System.out.println(input.replace("[Dd]og", "Cat"));
System.out.println(input.replace("Dog", "Cat"));
//replaceAll() works with regex!
System.out.println(input.replaceAll("[Dd]og", "Cat"));
System.out.println(Arrays.toString(input.split("[Dd]")));
//matches() looks at whole target string.
System.out.println(input.matches("[Dd]ogs"));
System.out.println(input.matches("^[Dd]ogs.+"));

outputs

Dogs rule this doggin' world
Cats rule this doggin' world
Cats rule this Catgin' world
[, ogs rule this , oggin' worl]
false
true

Some more advanced examples:

String INPUT = "This is the <title>example</title> " 
	+ "string which , I'm going to use for pattern matching.";

// Split on whitespace stretches
String[] splitString = (INPUT.split("\\s+"));

// Removes whitespace between a word character and . or ,
String pattern = "(\\w)(\\s+)([\\.,])";
System.out.println(INPUT.replaceAll(pattern, "$1$3")); 

// Extract the text between the two title elements of
pattern = "(?i)(<title.*?>)(.+?)(</title>)";
String updated = INPUT.replaceAll(pattern, "$2"); 

// prints true if the string contains a number less then 300
System.out.println(s.matches("[^0-9]*[12]?[0-9]{1,2}[^0-9]*"));

Note that adjusting the regex mode with (?i)<regex> makes the regex case insensitive.

19.3. Pattern & Matcher#

For more complex tasks, use class Pattern to specify it and class Matcher to find, replace or extract it.
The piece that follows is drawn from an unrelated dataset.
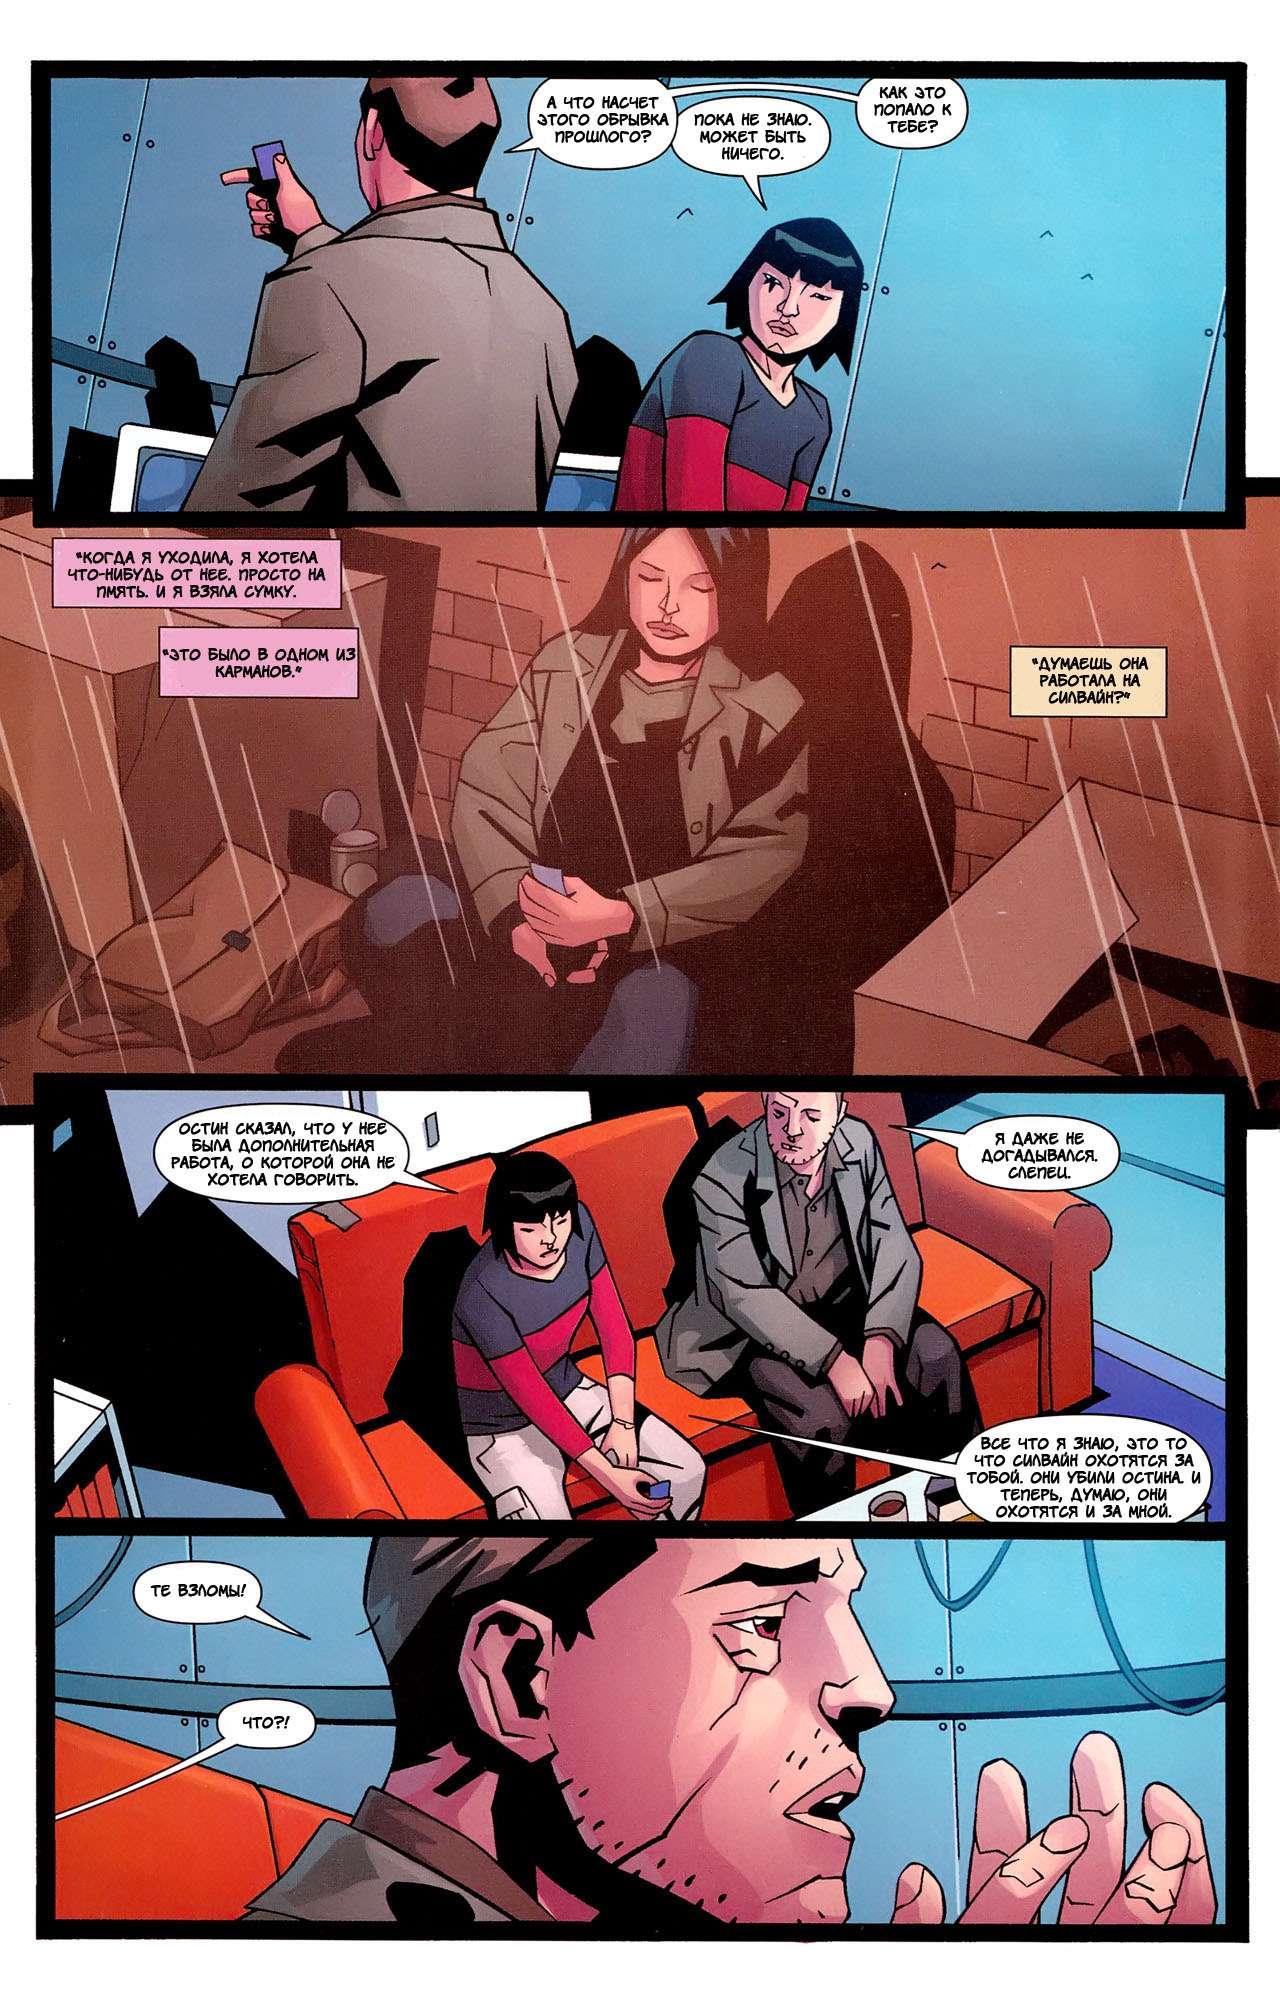 mirrors-edge-05-pg-12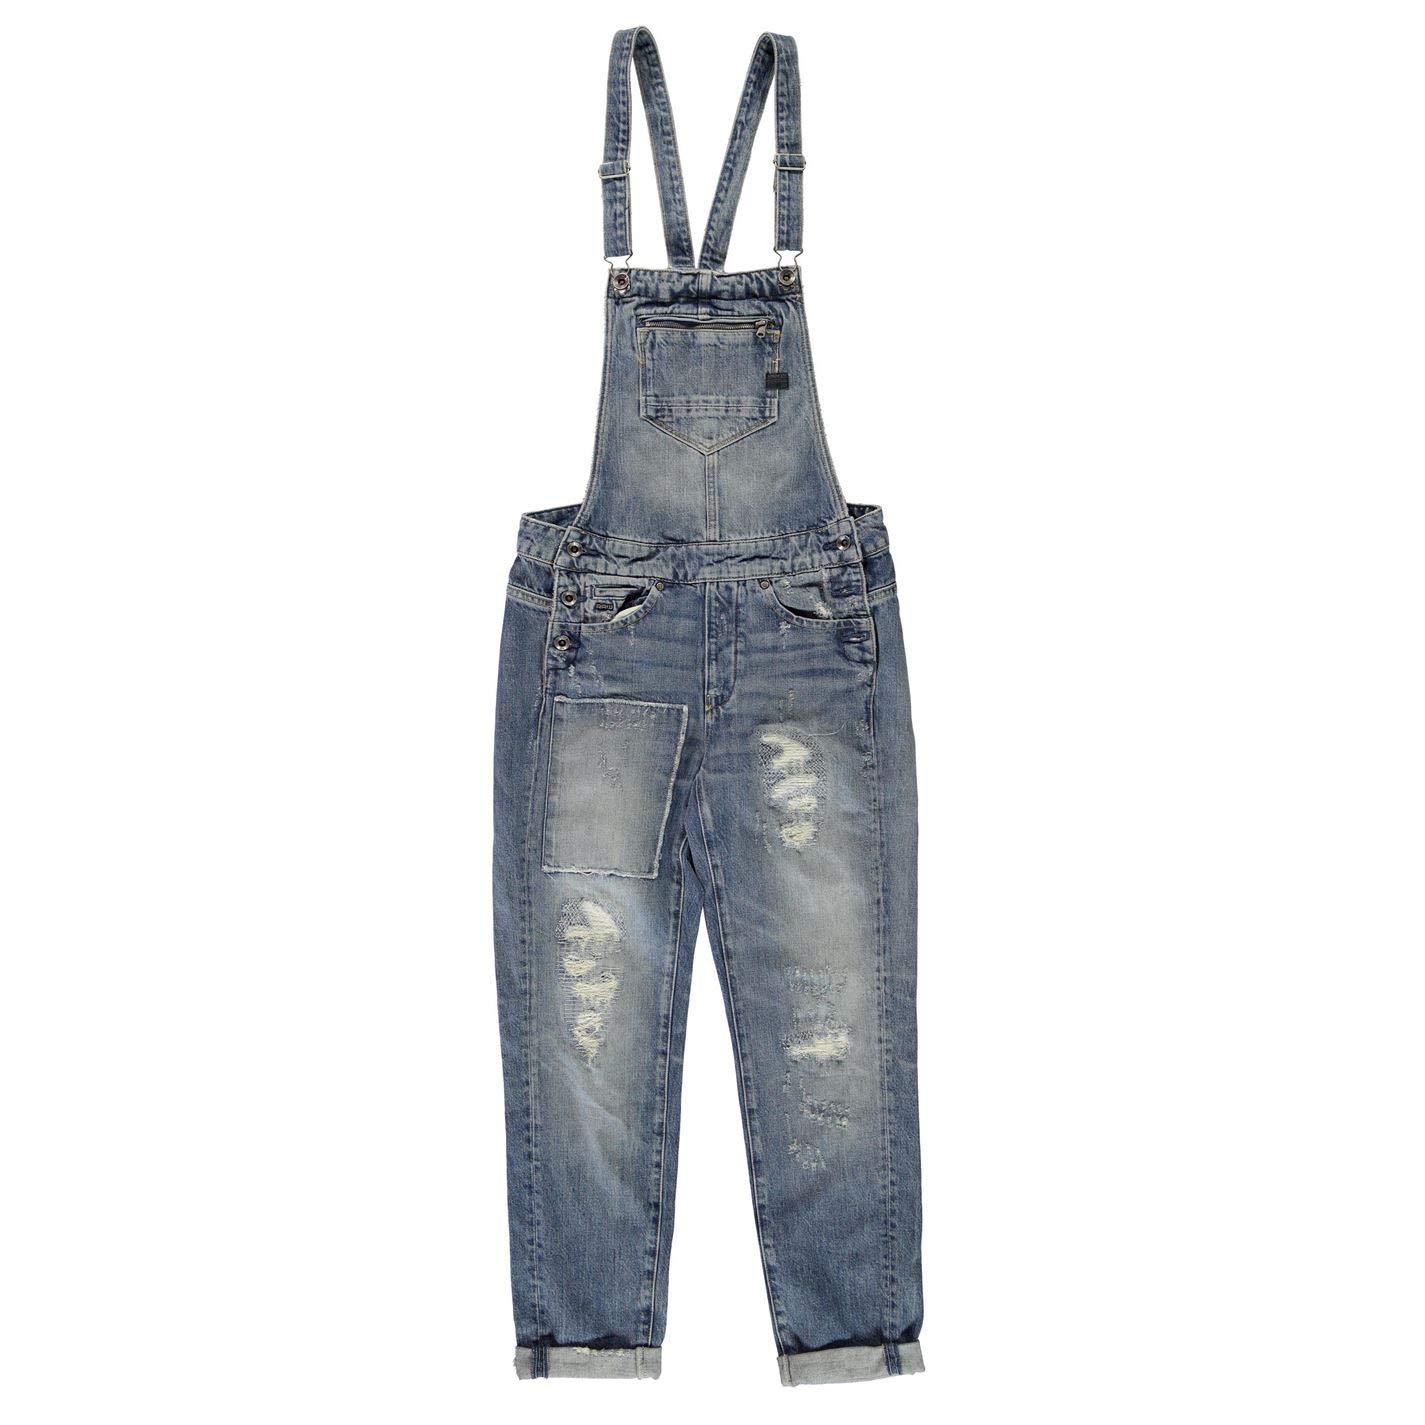 5af5ecc0f40d G Star Womens Midge Slim Salopette Jumpsuit Md AGD Rstrd 30 14 (L)   Amazon.co.uk  Clothing

Here is a typical use case:

//with case insensitive matching
Pattern hinc2 = Pattern.compile("(?i)(GT([CT][AG])AC)");
Matcher matcher = hinc2.matcher("GTCAACtgttgaccc");

while (matcher.find()) {
    System.out.println("matcher.group() = " + matcher.group());

    //whole pattern - same as group()
    System.out.println("matcher.group(0) = " + matcher.group(0));
    System.out.println("matcher.group(2) = " + matcher.group(2));
    System.out.println("matcher.start() = " + matcher.start());
}

//with chained method calls - replace with group capture
final String replaced = hinc2.matcher("GTCAACtgttgaccc").replaceAll("[[$1]]");
System.out.println("replaced = " + replaced);

outputs

matcher.group() = GTCAAC
matcher.group(0) = GTCAAC
matcher.group(2) = CA
matcher.start() = 0
matcher.group() = gttgac
matcher.group(0) = gttgac
matcher.group(2) = tg
matcher.start() = 7
replaced = [[GTCAAC]]t[[gttgac]]cc

Caution

when a Pattern object is used more than once, a compiled version should be cashed! Usually this is done in an instance or class variable.

There is much more to regex of course; GIYF for more detailed use cases.